Objective; In this study, we seek to apply machine learning algorithms on the dataset - Phishing_Legitimate_full.csv – which consists of phishing websites and genuine websites that have been labeled.
Method; This paper aims to identify the most effective feature selection method for predicting phishing websites.
Result; The findings highlight the potential of machine learning in enhancing cybersecurity by automating threat detection and intelligence.
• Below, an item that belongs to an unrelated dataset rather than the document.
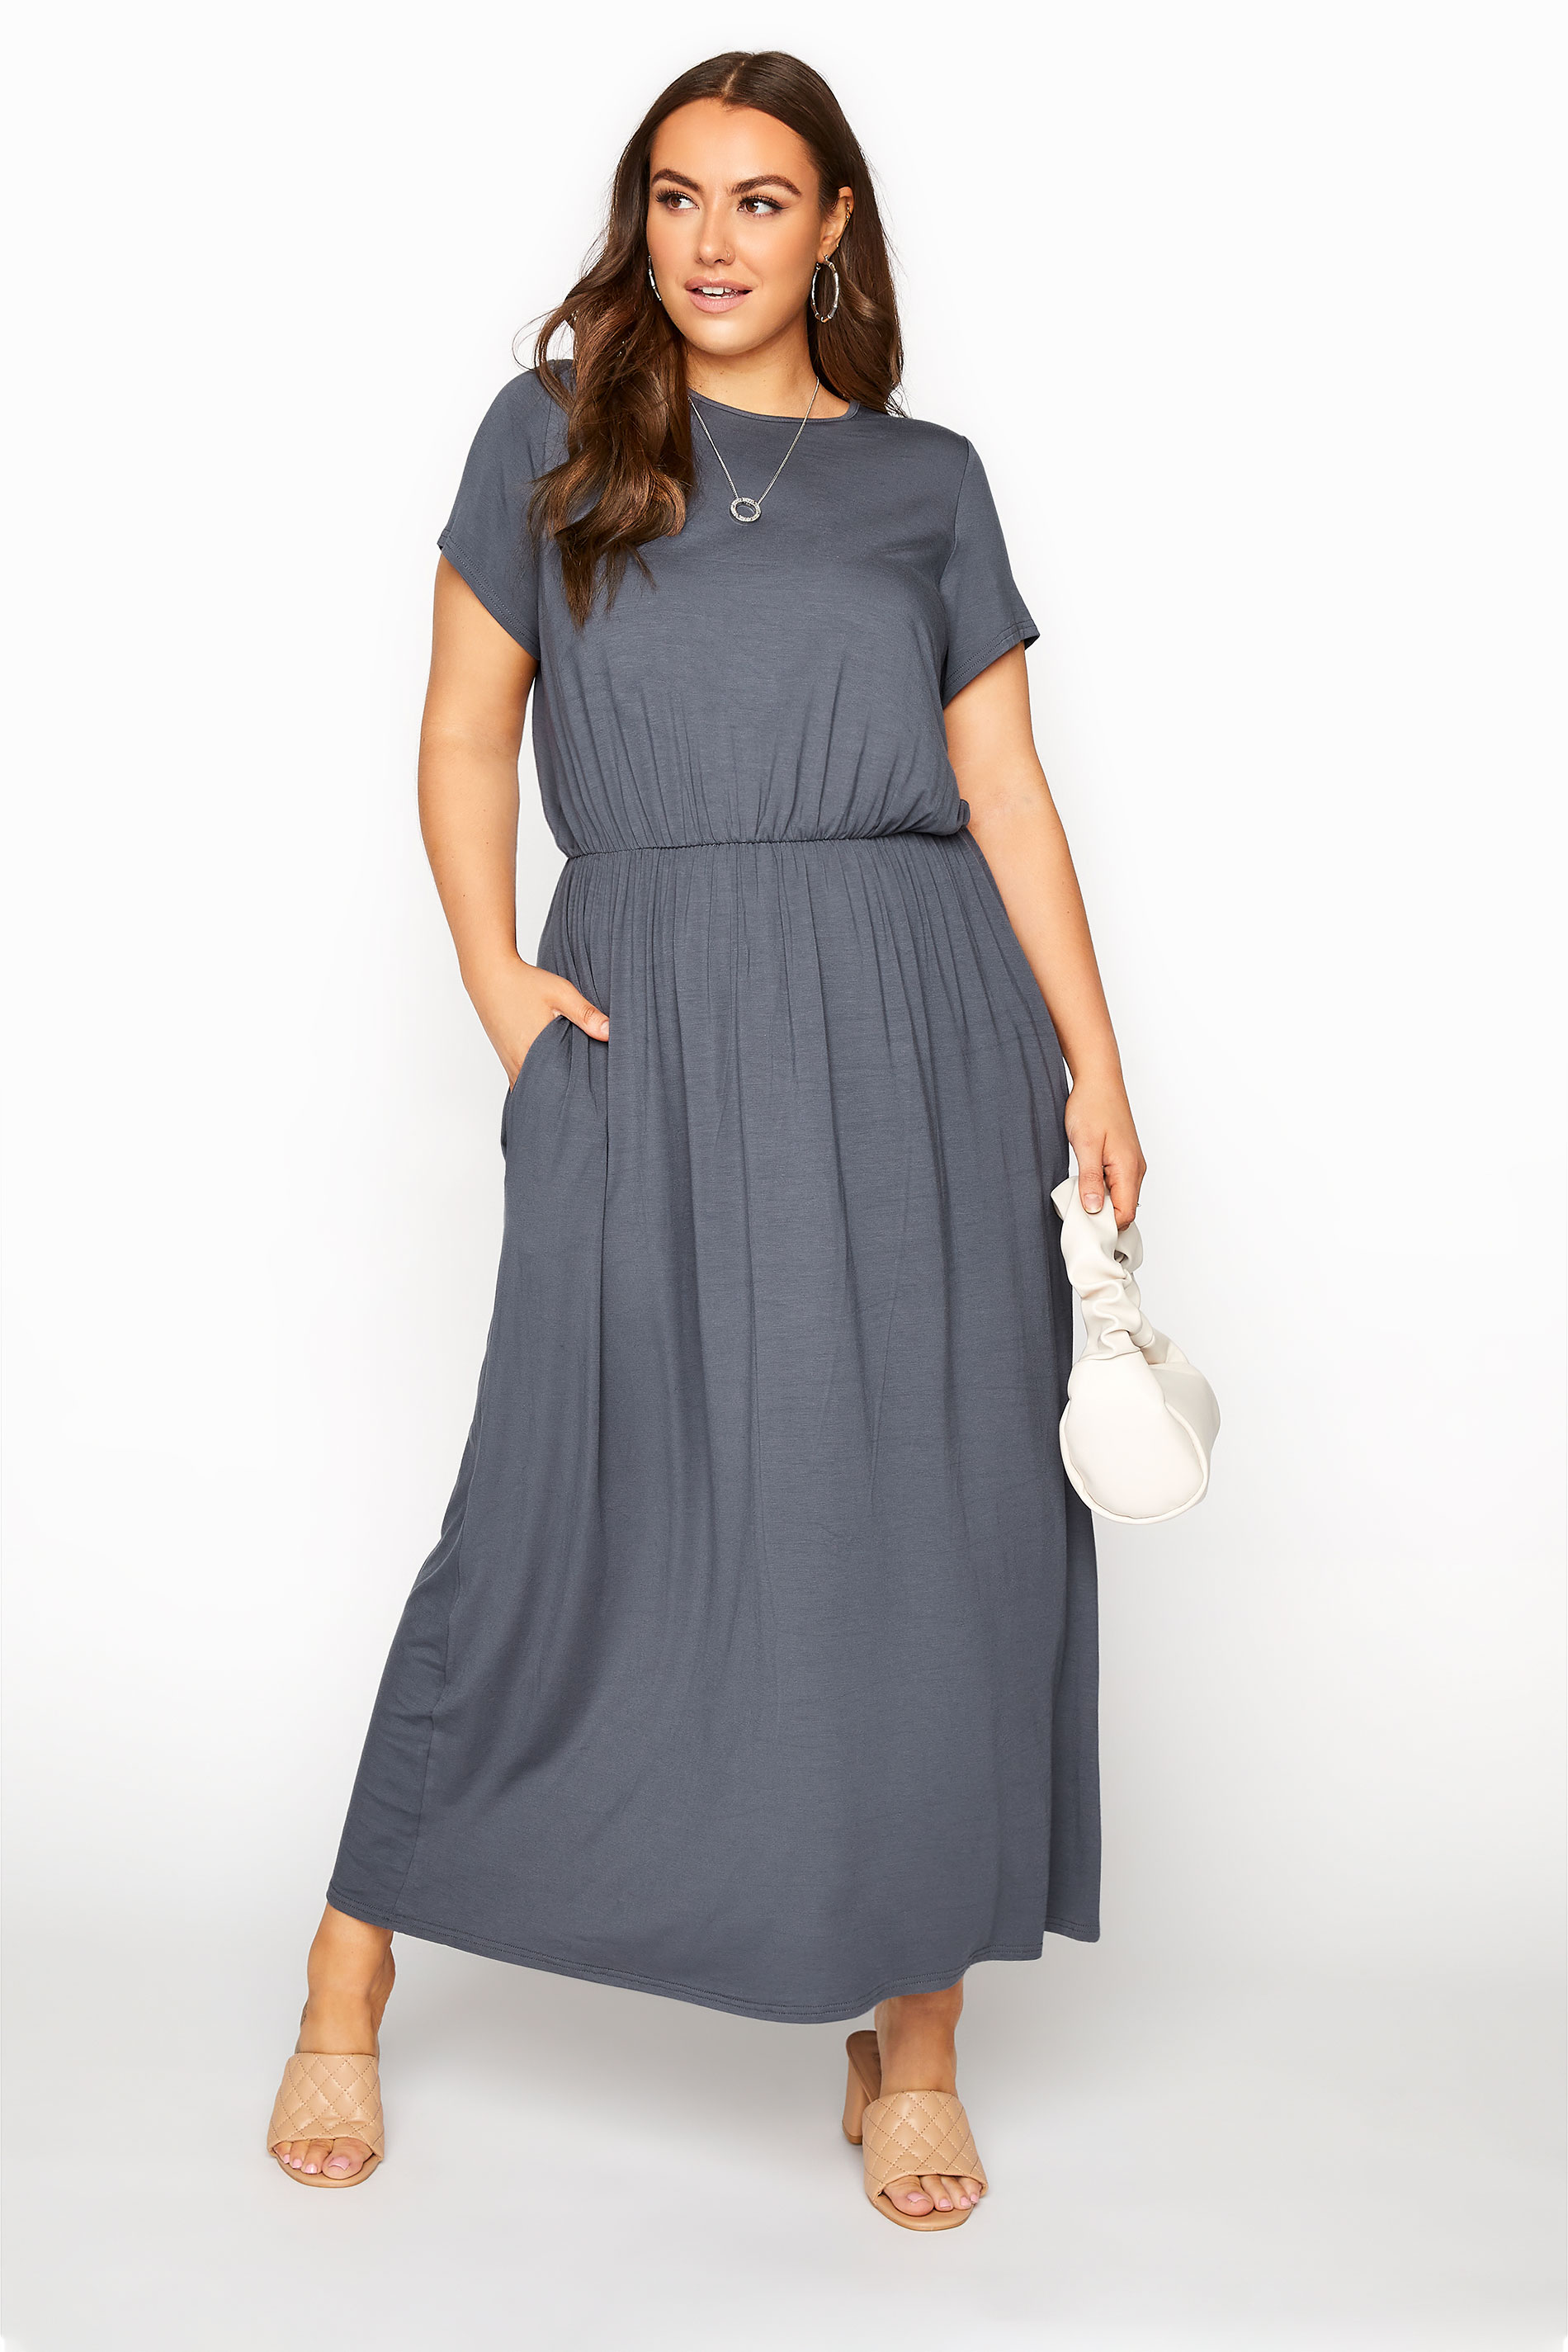 YOURS LONDON Grey Pocket Maxi Dress | Yours Clothing

Phishing attacks rely on social engineering strategies to present deceptive links as trustworthy sources, deceiving individuals into sharing confidential data.
Conclusion; This study explores the utilization of curated datasets and machine learning algorithms to develop adaptive and efficient phishing detection mechanisms, providing a robust defense against such malicious activities
References
1. Wu L, Du X, Wu J. Effective defense schemes for phishing attacks on mobile computing platforms. IEEE Trans Veh Technol. 2015;65(8):6678–91.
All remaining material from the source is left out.